O trabalho mais sério começa quando a empresa abandona os estereótipos e observa comportamentos concretos:
- Onde o público descobre o produto?
- Que perguntas aparecem antes da compra?
- Em qual canal ele procura confirmação?
- O que provoca abandono?
- Quais comentários influenciam a decisão?
- Que promessa gera interesse, mas também gera reclamação depois?
É uma investigação menos glamourosa do que seguir tendências. Só que costuma produzir respostas muito melhores.
O que líderes e equipes precisam rever
Marketing não consegue resolver sozinho uma experiência incoerente.
Se a campanha promete agilidade e o atendimento demora dois dias, a promessa se quebra.
Se o criador fala em transparência, mas o preço final só aparece no checkout, a mensagem perde valor.
Se a marca defende determinado posicionamento, mas reage com arrogância quando é questionada, o público percebe a diferença.
Lideranças precisam entender que a decisão de compra da Geração Z atravessa conteúdo, busca, reputação, tecnologia, atendimento e entrega.
Cada área pode confirmar ou desmentir a anterior.
Por isso, antes de pedir uma campanha “mais jovem”, talvez valha fazer uma pergunta menos confortável: o que acontecerá quando esse jovem sair do anúncio e começar a investigar a empresa?
A resposta mostra se o problema está realmente na comunicação.
Conclusão
A Geração Z não deixou de comprar, nem se tornou inalcançável.
Ela apenas desenvolveu maneiras diferentes de descobrir, investigar e validar escolhas.
As redes sociais despertam interesse. A busca amplia a comparação. Criadores oferecem contexto. Comentários revelam o que a publicidade omitiu. A inteligência artificial começa a organizar tudo isso.
A marca que entende esse movimento não tenta prender o consumidor em um único canal. Ela constrói uma experiência coerente o suficiente para acompanhá-lo durante a investigação.
No fim, o ponto não é parecer jovem.
É ser relevante, compreensível e confiável quando o público decidir olhar mais de perto.
FAQ
Como a Geração Z decide o que comprar?
Ela costuma combinar redes sociais, mecanismos de busca, vídeos, comentários, avaliações, marketplaces e recomendações antes de tomar uma decisão.
A Geração Z pesquisa produtos no Google?
Sim. Dados do Google indicam que 83% da Geração Z no Brasil utiliza a plataforma em atividades relacionadas a compras, como descoberta, pesquisa, comparação e aquisição.
Redes sociais influenciam as compras da Geração Z?
Sim. Elas têm forte papel na descoberta e na pesquisa, mas nem sempre encerram a decisão. Muitos consumidores verificam informações em outros canais antes de comprar.

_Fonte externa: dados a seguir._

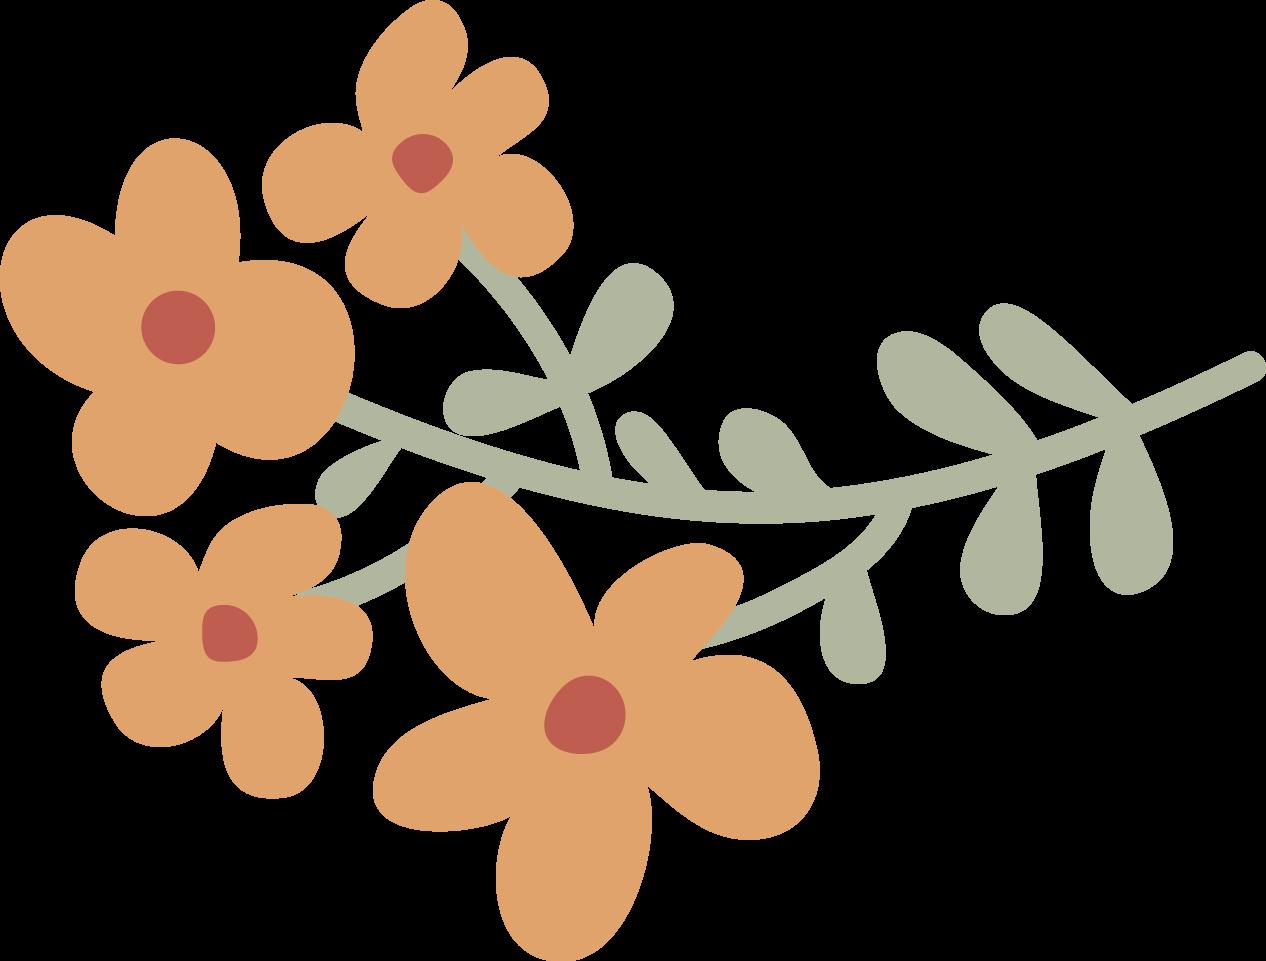 Imagenes De Flores Transparentes - Flores Tropicales 6 Clip Art 300dpi Png Imagen con por
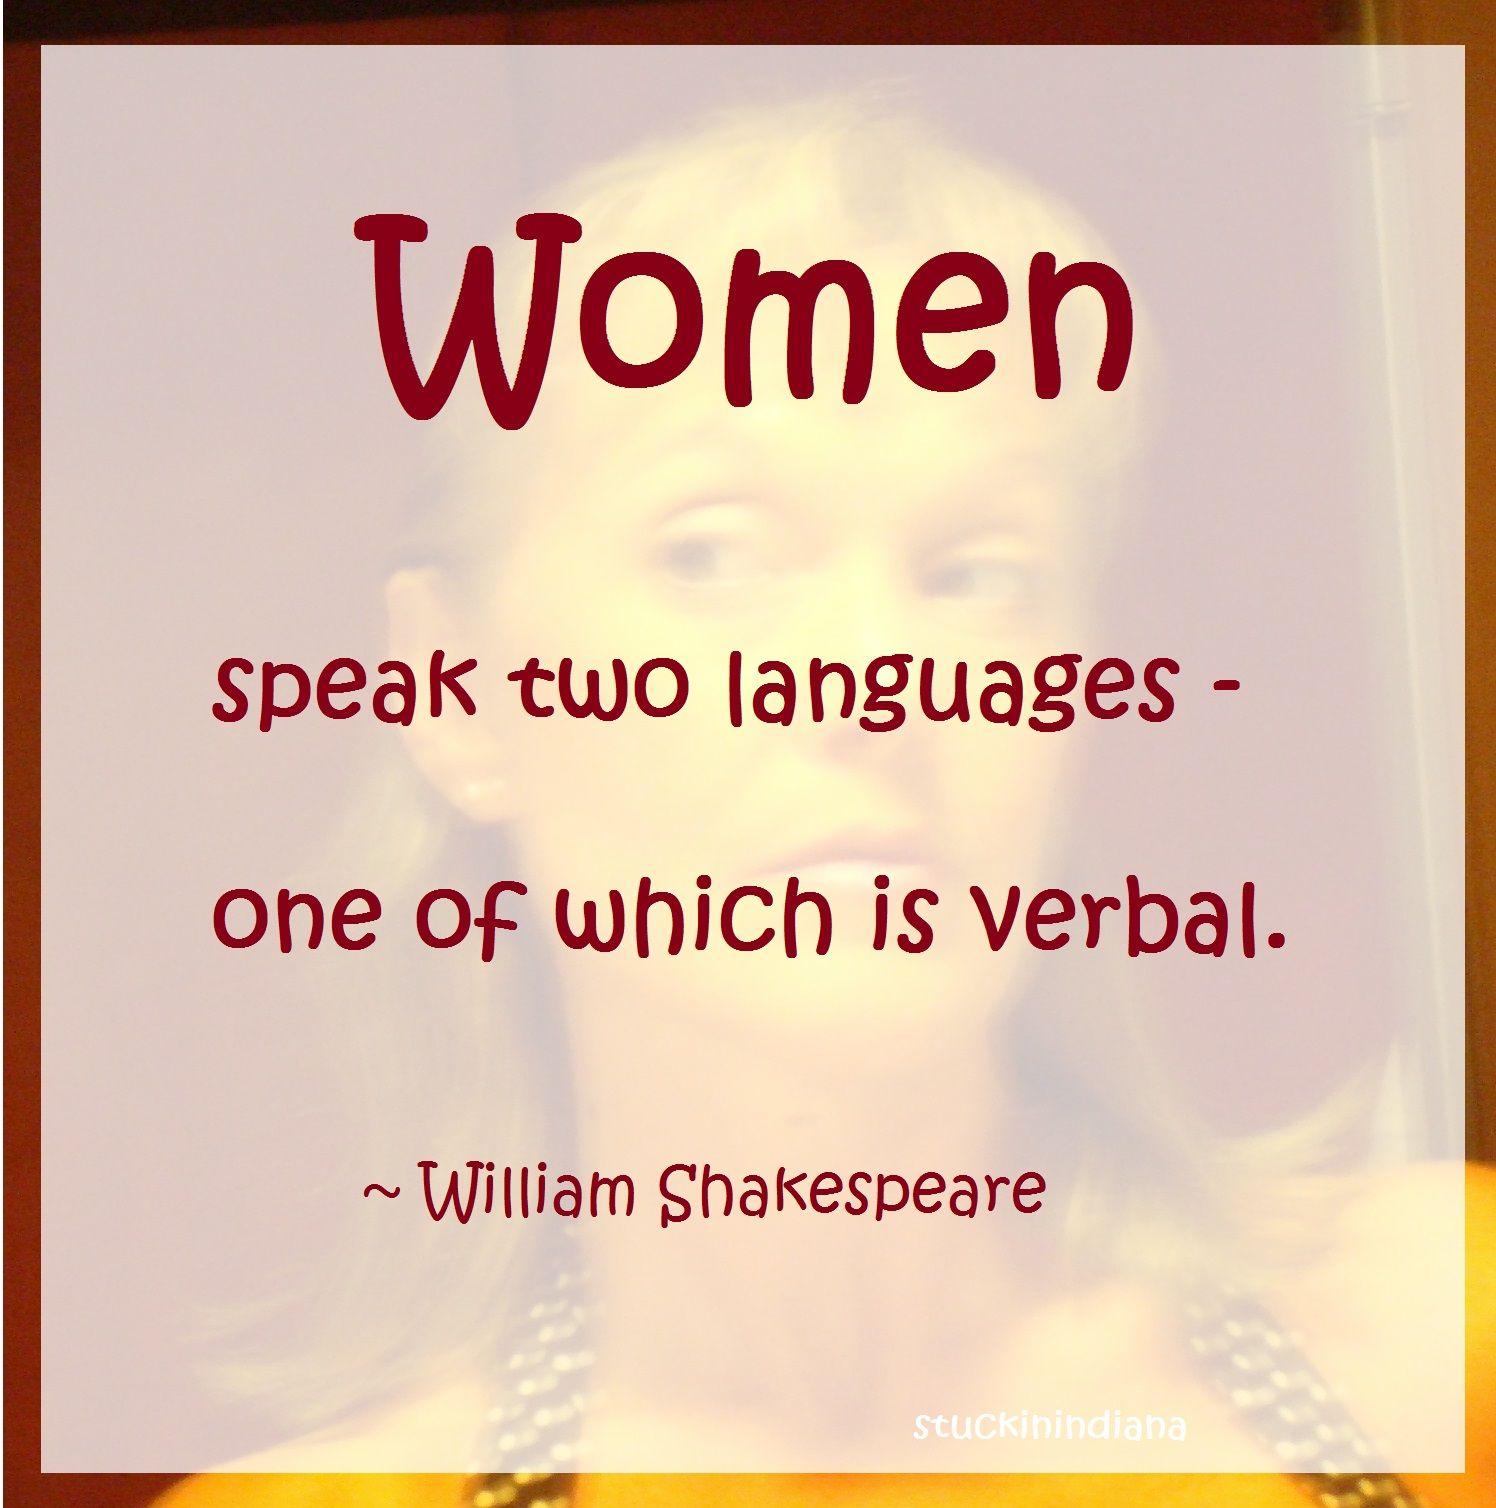 Fyi per shakespeare women speak two languages one

O preço é o fator mais importante para a Geração Z?
O preço possui peso relevante, mas divide espaço com identidade, conveniência, confiança, experiência, reputação e percepção de valor.
Como os criadores de conteúdo influenciam esse público?
Eles ajudam a colocar produtos em contexto e a reduzir dúvidas. A influência tende a ser maior quando o conteúdo parece honesto, relevante e coerente com a pessoa que o publica.
A inteligência artificial já interfere nas compras da Geração Z?
Sim. Ela vem sendo utilizada para pesquisar, comparar produtos, resumir avaliações e organizar decisões. Dados recentes mostram ampla adoção dessas ferramentas entre jovens brasileiros.